Version Control with Git
- Introduction
Topics
- Introduction
- Setting Up Git
- Creating a Repository
- Tracking Changes
- Exploring History
- Collaborating
- Conflicts
- Ignoring Things
Slides to accompany this material
Learning Objectives
- Understand when version control is useful and how it works
START
What is Version Control & Why should I use it?
Version control tools, also known as revision control or source control tools, track changes to files.
1. A More Efficient Backup + Reproducibility
We’ve all been in this situation before - it seems ridiculous to have multiple nearly-identical versions of the same document. Some word processors let us deal with this a little better, like Microsoft Word (“Track Changes”) or Google Docs version history.
BUT research isn’t just Words docs. With Version Control, at any point in the future, you can retrieve the correct versions of your documents, scripts or code. So, for example, a year after publication, you can get hold of the precise combination of scripts and data that you used to assemble a paper.
Version control makes reproducibility simpler. If you’re not using version control can you honestly say that your research is reproducible?
2. A Collaboration Tool
As well as maintaining a revison history, VC tools also help multiple authors collaborate on the same file or set of files.
VC is what professional software developers use to work in large teams and to keep track of what they’ve done. They know who has changed what and when.
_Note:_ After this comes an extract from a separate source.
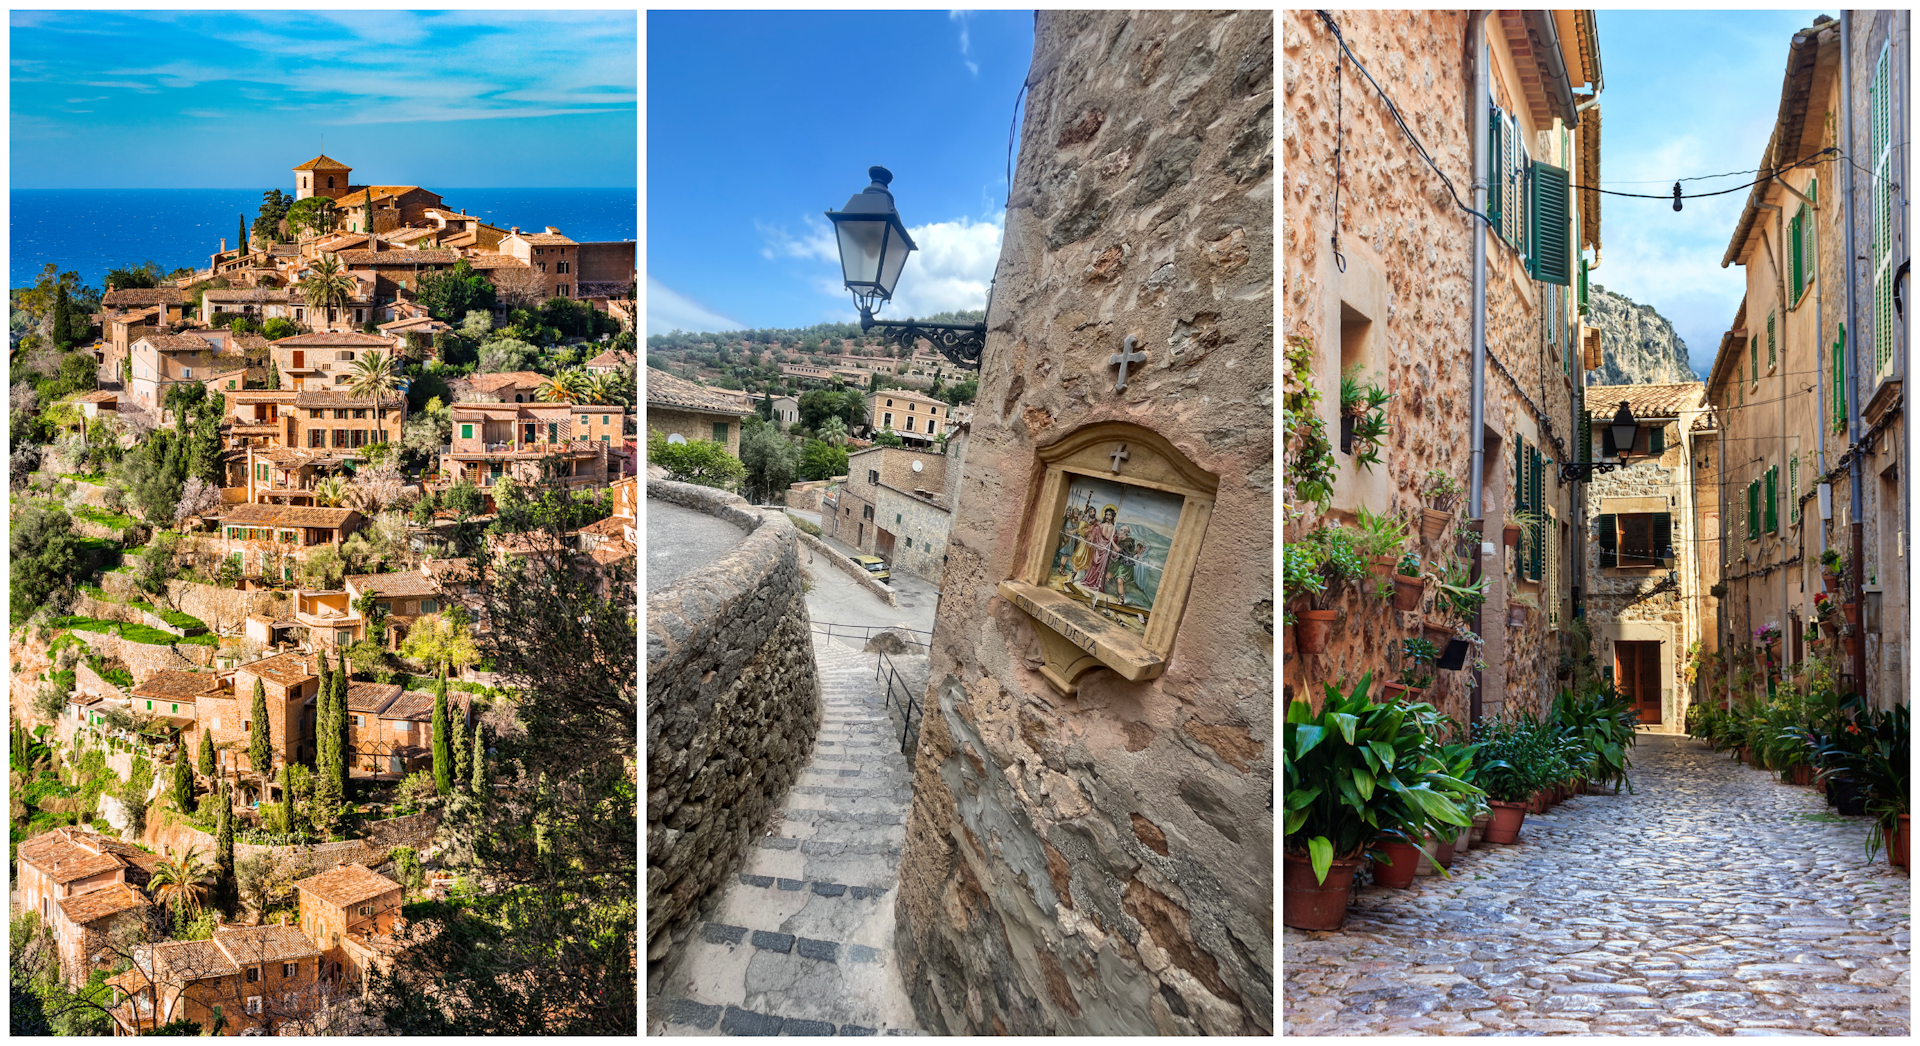 The stone buildings of the towns of Deia and Valldemossa in Mallorca
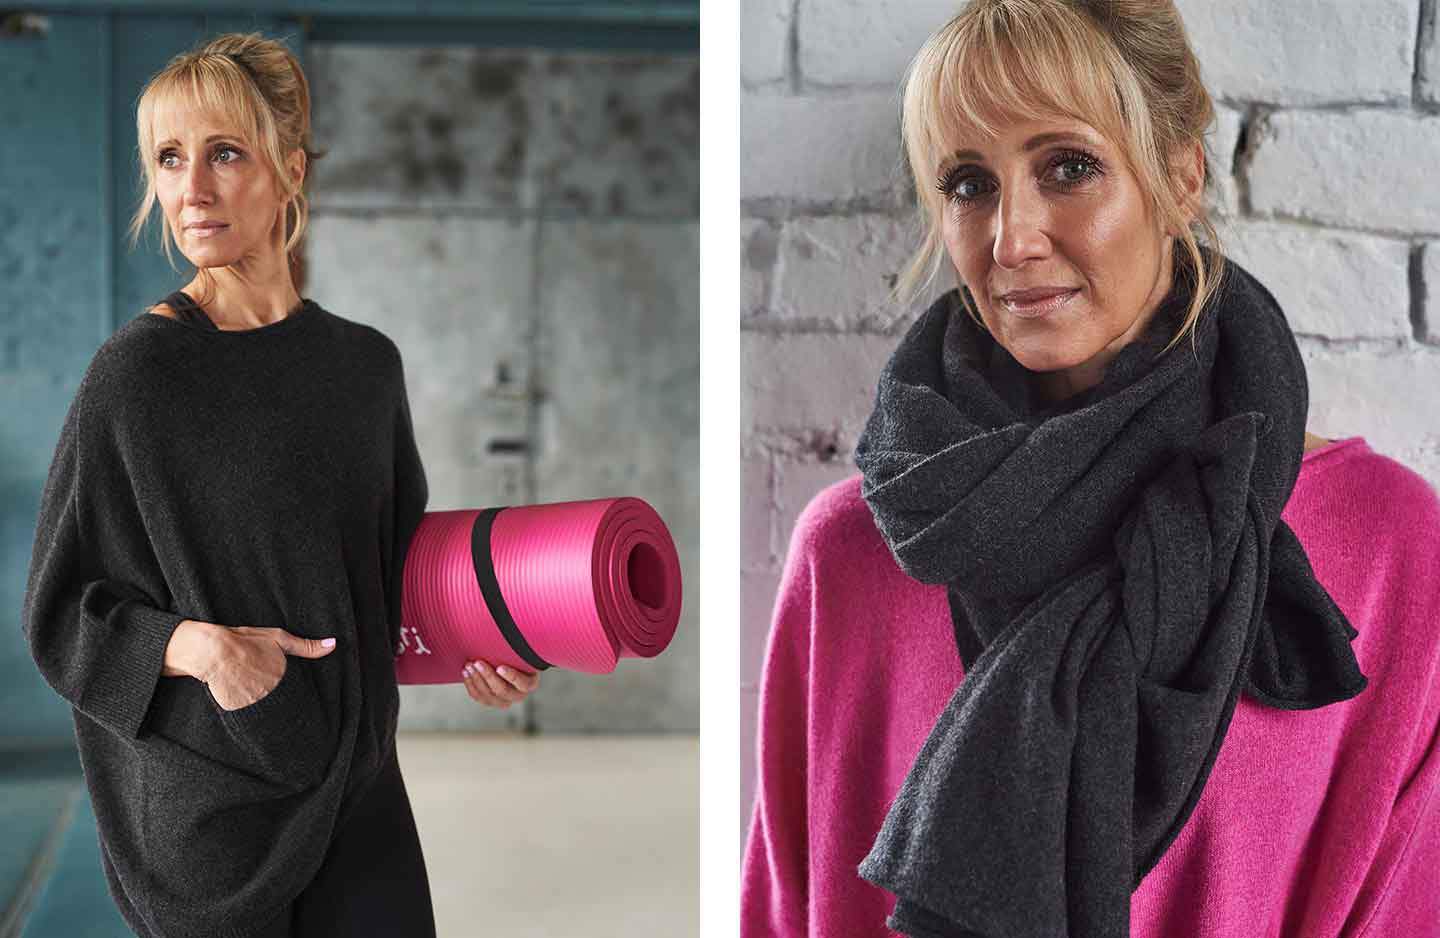 Women standing in a grey oversized charcoal poncho with hand in pocket carrying a pink yoga mat and women standing against white brick wall in pink cashmere jumper with grey cashmere wrap wrapped around neck

And who to blame when things break!
Every large software development project relies on VC, and most programmers use it for their small jobs as well.
VC isn’t just for software: papers, small data sets, and anything that changes over time, or needs to be shared can, and probably should be stored in a version control system.
We’ll look at both the backup and collaboration scenarios, but first it’s useful to understand what going on under the hood.
3. How do Version Control Tools Work?
Version control systems start by storing the base version of the file that you save and then store just the changes you made at each step on the way. You can think of it as a tape: if you rewind the tape and start at the base document, then you can play back each change and end up with your latest version.
Once you think of changes as separate from the document itself, you can then think about “playing back” different sets of changes onto the base document and getting different versions of the document. For example, two users can make independent sets of changes based on the same document.
If there aren’t conflicts, you can even try to play two sets of changes onto the same base document. A process call merging.
3. Version Control Alternatives
These are the most popular current Version Control systems.
Subversion has been around since about 2000, it was developed to replace the venerable Concurrent Versioning System (CVS) It introduced such revolutionary concepts as the ability to move and rename files whilst retaining their version history.
Both Mercurial and Git arose from the need to find a new Version Control System for the Linux Kernel, after BitKeeper became non-free in 2005.
Whereas with Subversion a single master copy of the repository (the files under version control) exists - the only place where all revision history is kept, Mercurial and Git are newer and work a little differently - they are Distributed Version control systems - each developer in a team has his own copy of the repository which are then synchronised. You can use Git without a network connection and there’s no single point of failuire.
Git was written by Linus Torvalds (maintainer of the Linux kernel), to scratch his own itch, so if you think it’s idiosyncractic in places, you know who to blame.
Git has found wider prominence partly through the rise of GitHub - a web based Git repository hosting service. GitHub also provide bells and whistles like bug tracking, task management and other tools for managing software projects.
You don’t need to use GitHub to employ Git, but we will use it today to demonstrate the use of remote repositories.